Bologna, un eroe Italiano. Il grande protagonista della Storia. Ha fatto innamorare una città intera. Manca solo il lieto fine del rinnovo
Il tecnico è il grande artefice della Coppa Italia. Il popolo rossoblù stregato dal suo calcio passionario. A Casteldebole spingono per la firma: lui apre la porta, ma chiede garanzie tecniche (che arriveranno).

Il tecnico è il grande artefice della Coppa Italia. Il popolo rossoblù stregato dal suo calcio passionario. A Casteldebole spingono per la firma: lui apre la porta, ma chiede garanzie tecniche (che arriveranno).
La passione sanguigna. La feroce organizzazione tattica. Il coraggio di chi osa sempre azzannare l’avversario alla gola, sapendo che ogni atto di coraggio contempla anche dei rischi. E poi: il noi al posto dell’io, la sacralità del gruppo, l’aziendalismo che non è accondiscendenza ma pungolo per il futuro, l’empatia con la piazza e quei tratti da allenatore/primo tifoso che ieri mattina, quando l’orologio della stazione segnava la cinque, lo hanno portato a coccolarsi la Coppa appena conquistata nel catino di gloria dell’Olimpico stringendola al petto con la felicità di un bambino.
Se potesse Vincenzo Italiano la porterebbe anche domenica sulla panchina del Franchi, per dimostrare ai fiorentini che gli rinfacciavano le tre finali perse che la storia a volte fa strane giravolte ma alla fine rende sempre onore al merito.

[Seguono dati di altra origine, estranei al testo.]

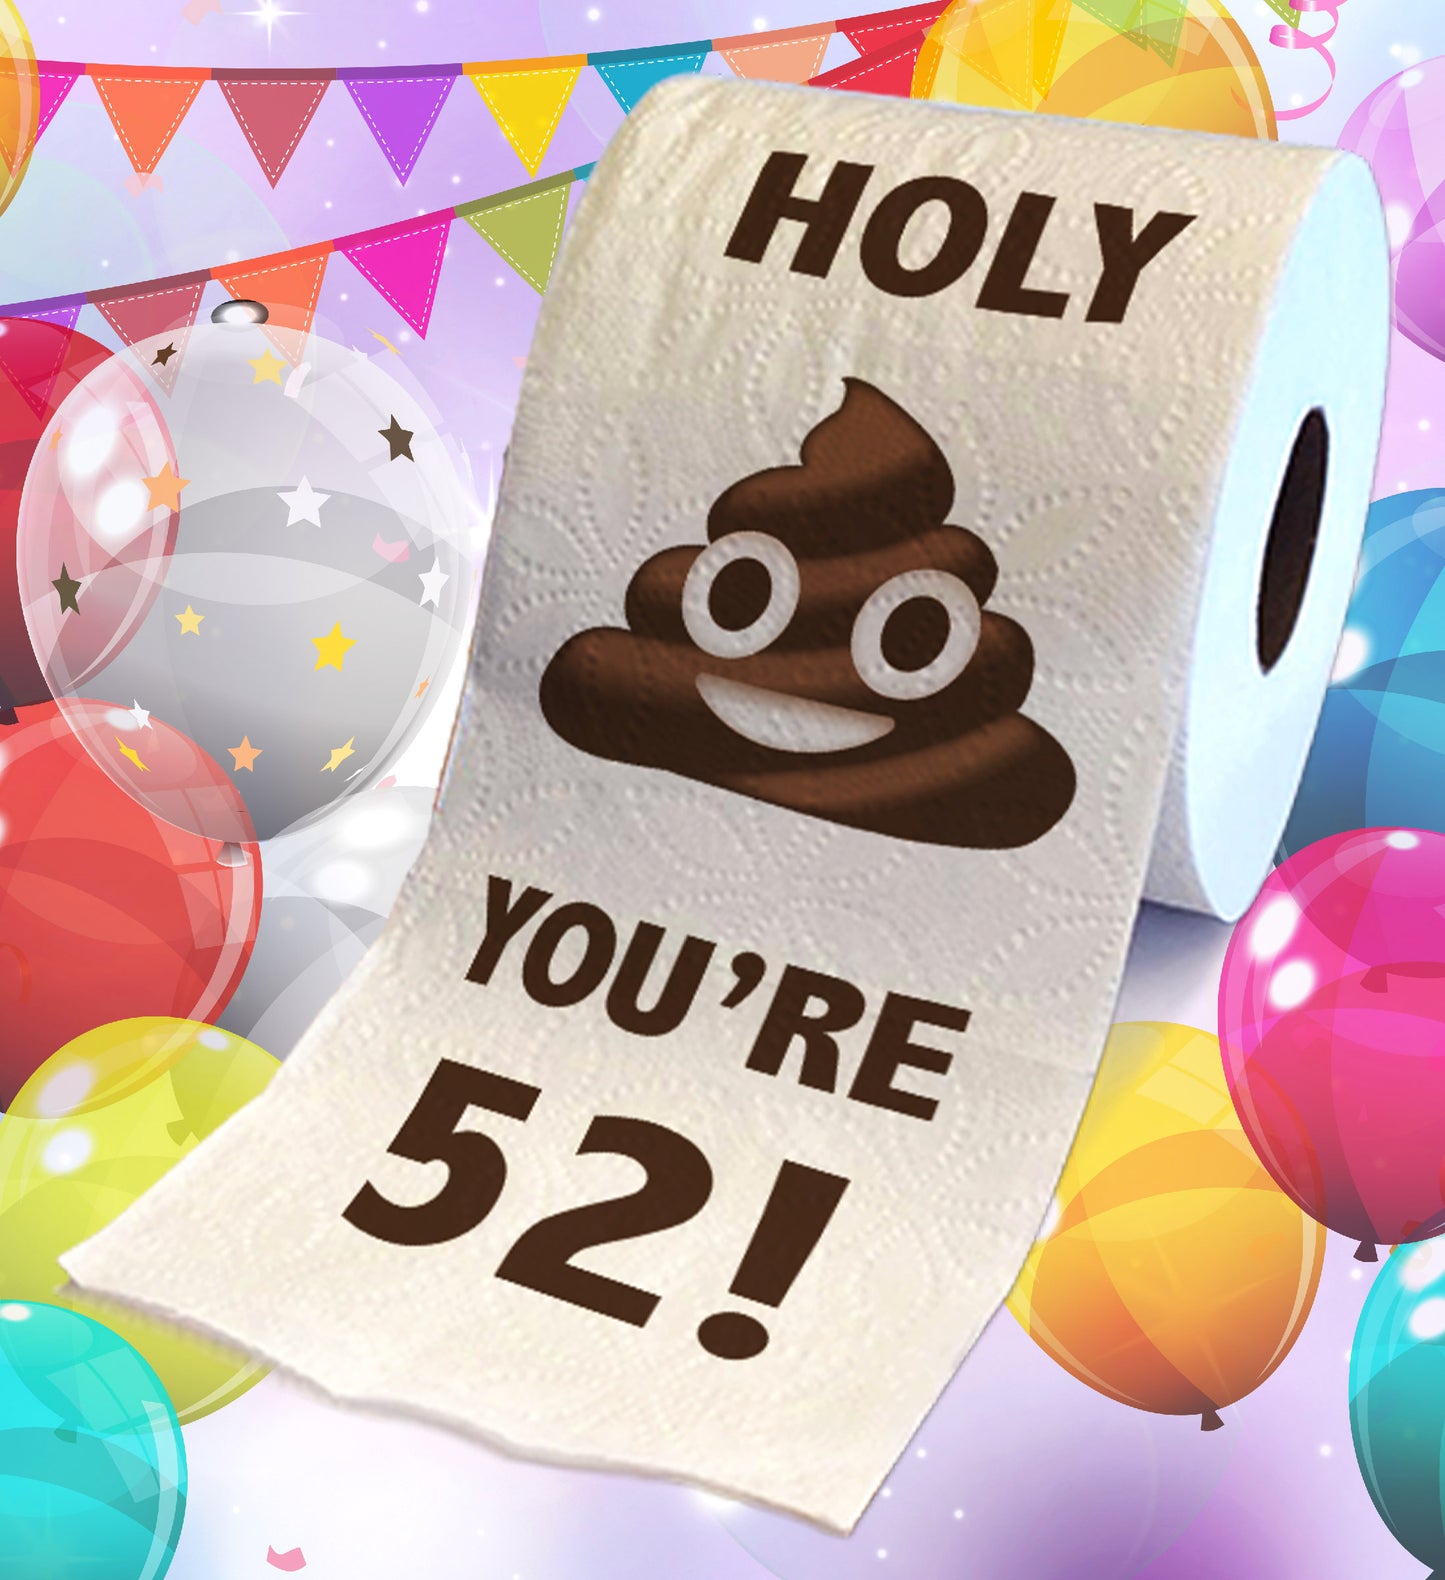 Printed TP Holy Poop You're 52 Funny Toilet Paper Roll Birthday Party Gag Gift

Nel dubbio ieri il sindaco Matteo Lepore ha annunciato che gli consegnerà il ‘Nettuno d’Oro’. Vincenzo Italiano da Ribera: come fai non voler bene a un tipo così? Ma soprattutto: come fai a non legarlo alle Due Torri facendone il centro di gravità permanente in panchina di un ciclo vincente? Le grandi manovre a Casteldebole sono cominciate da settimane, una bella accelerata l’ha data la storica vittoria della Coppa e tutto sembra apparecchiato per il prolungamento del contratto (che gli scade tra un anno). Sorprese non ce ne saranno: semmai richieste, più che legittime, di garanzie tecniche per un futuro di gloria.

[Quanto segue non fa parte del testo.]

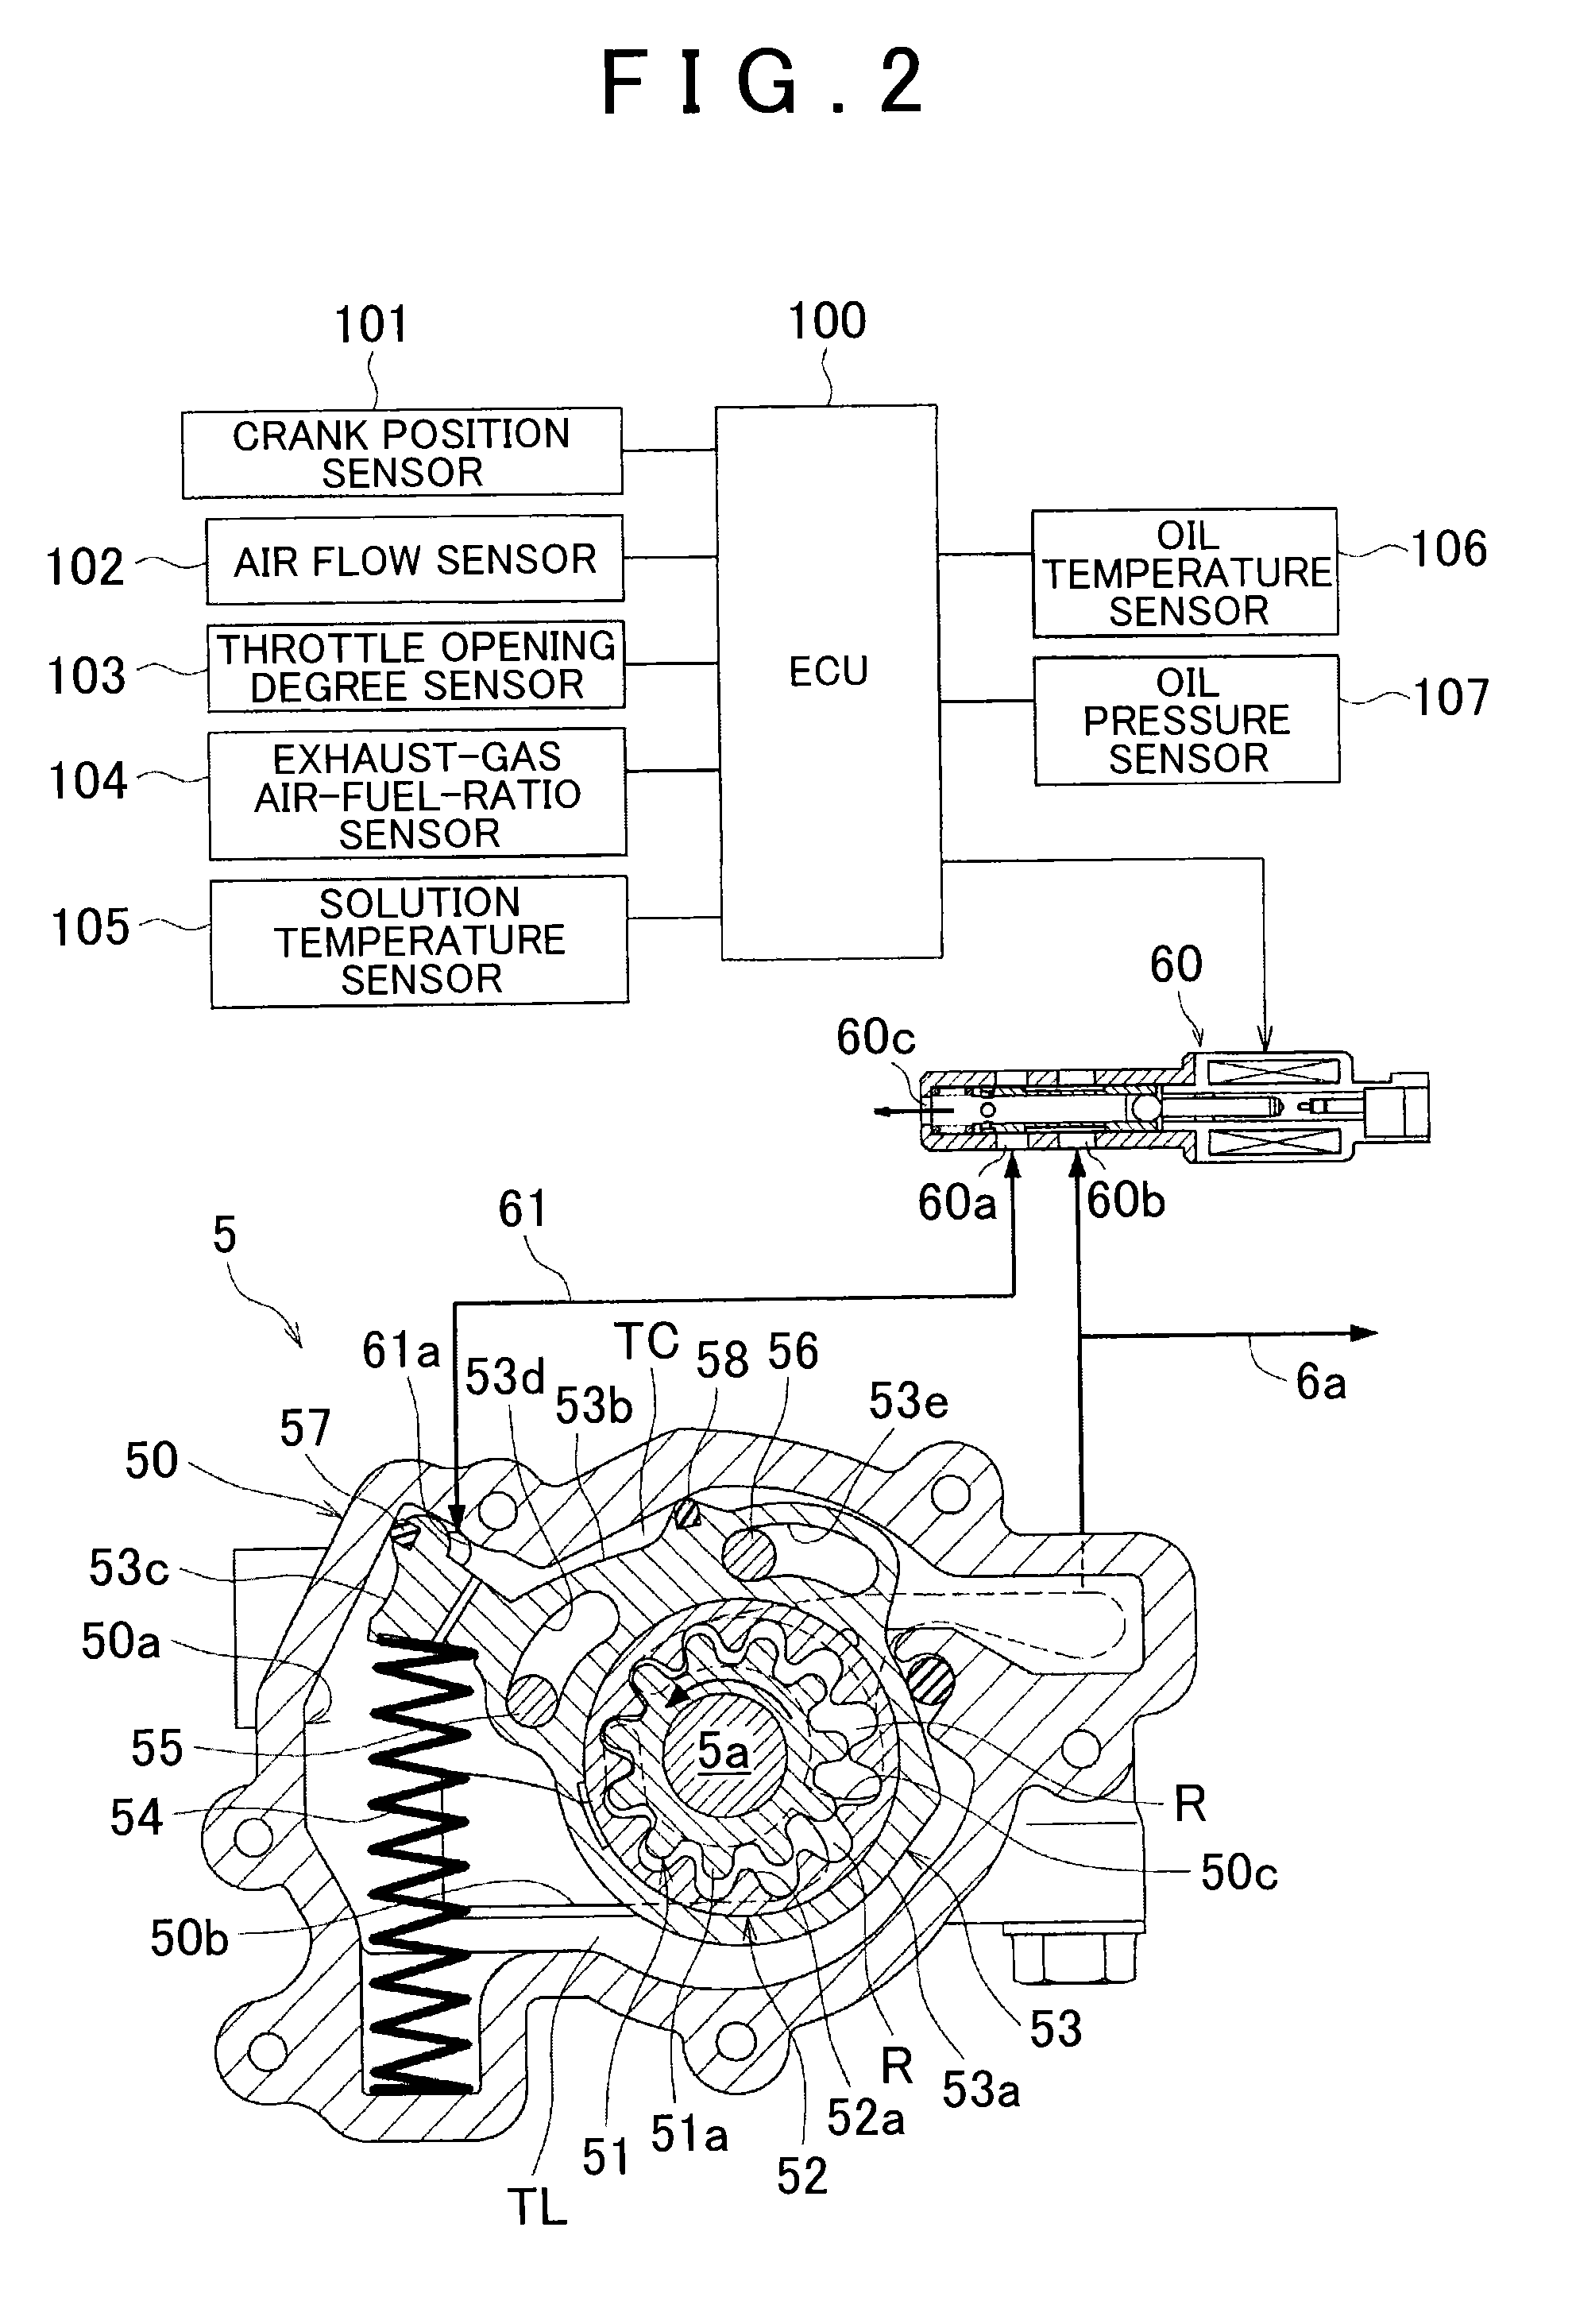 Control device for oil pump

Azzardiamo il più che probabile (e condivisibile) ragionamento di Italiano: un anno fa mi sono accollato il rischio di ereditare un Bologna che era tornato in Champions dopo sessant’anni, l’ho fatto nonostante sapessi che la squadra in estate avrebbe perso Calafiori, Zirkzee e Saelemakers, il risultato è stato la conquista di un trofeo che a Bologna mancava da mezzo secolo, il minimo che adesso posso chiedere è una squadra all’altezza delle rinnovate ambizioni.
Gliela darà Saputo, che dieci anni fa prendeva le redini del Bologna quando un Italiano all’alba della sua carriera di allenatore affilava gli attrezzi del mestiere alla guida degli Allievi della Luparense San Paolo, club dilettantistico della provincia di Padova. Fu lì che Italiano capì che sedersi in panchina (anche se seduto non ci sta mai) sarebbe diventato il suo mestiere.

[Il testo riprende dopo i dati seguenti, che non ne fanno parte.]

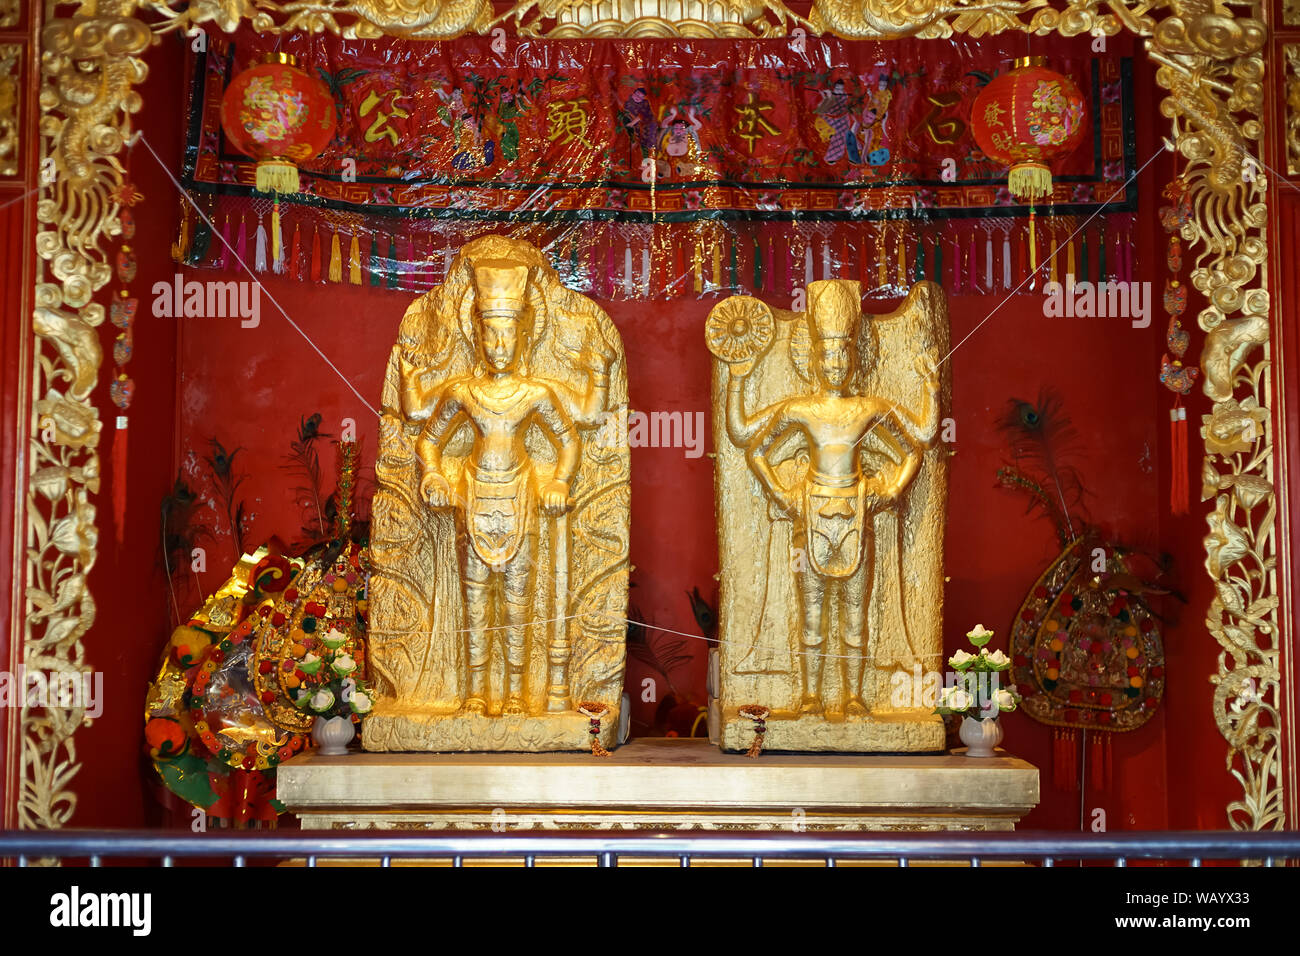 Suphan Buri, Thailand - May 25, 2019: Shrine of the city god in Celestial Dragon Village of Suphan buri, Thailand. Stock Photo

"La Luparense giocava in serie D – ha raccontato il tecnico in una recente intervista – e il giovedì faceva la partitella con noi degli Allievi. In campo vedevo che le cose che avevamo preparato in settimana ci riuscivano: in quel momento ho capito che allenare era la strada giusta". Da San Paolo (la Luparense) a San Pietro (che sorge non lontano dall’Olimpico) il passo è stato breve ma il percorso ha assunto i tratti della gavetta vera. Vittoria del campionato di D nel 2016-17 con la Luparense Vigontina, esperienza altamente formativa con l’Arzignano Valchiampo, poi il salto in C1 al Trapani con annessa promozione in B conquistata ai playoff nel 2018-19, preludio dello storico approdo in A dello Spezia (2019-20), con tanto di successiva salvezza. Quindi la Fiorentina, condotta per mano a tre finali. Una delle tre gli andò di traverso due anni fa con l’Inter proprio sul prato dell’Olimpico e anche allora era Coppa Italia. Oggi che Vincenzo quella Coppa l’ha alzata al cielo anche Firenze forse capirà cosa s’è persa.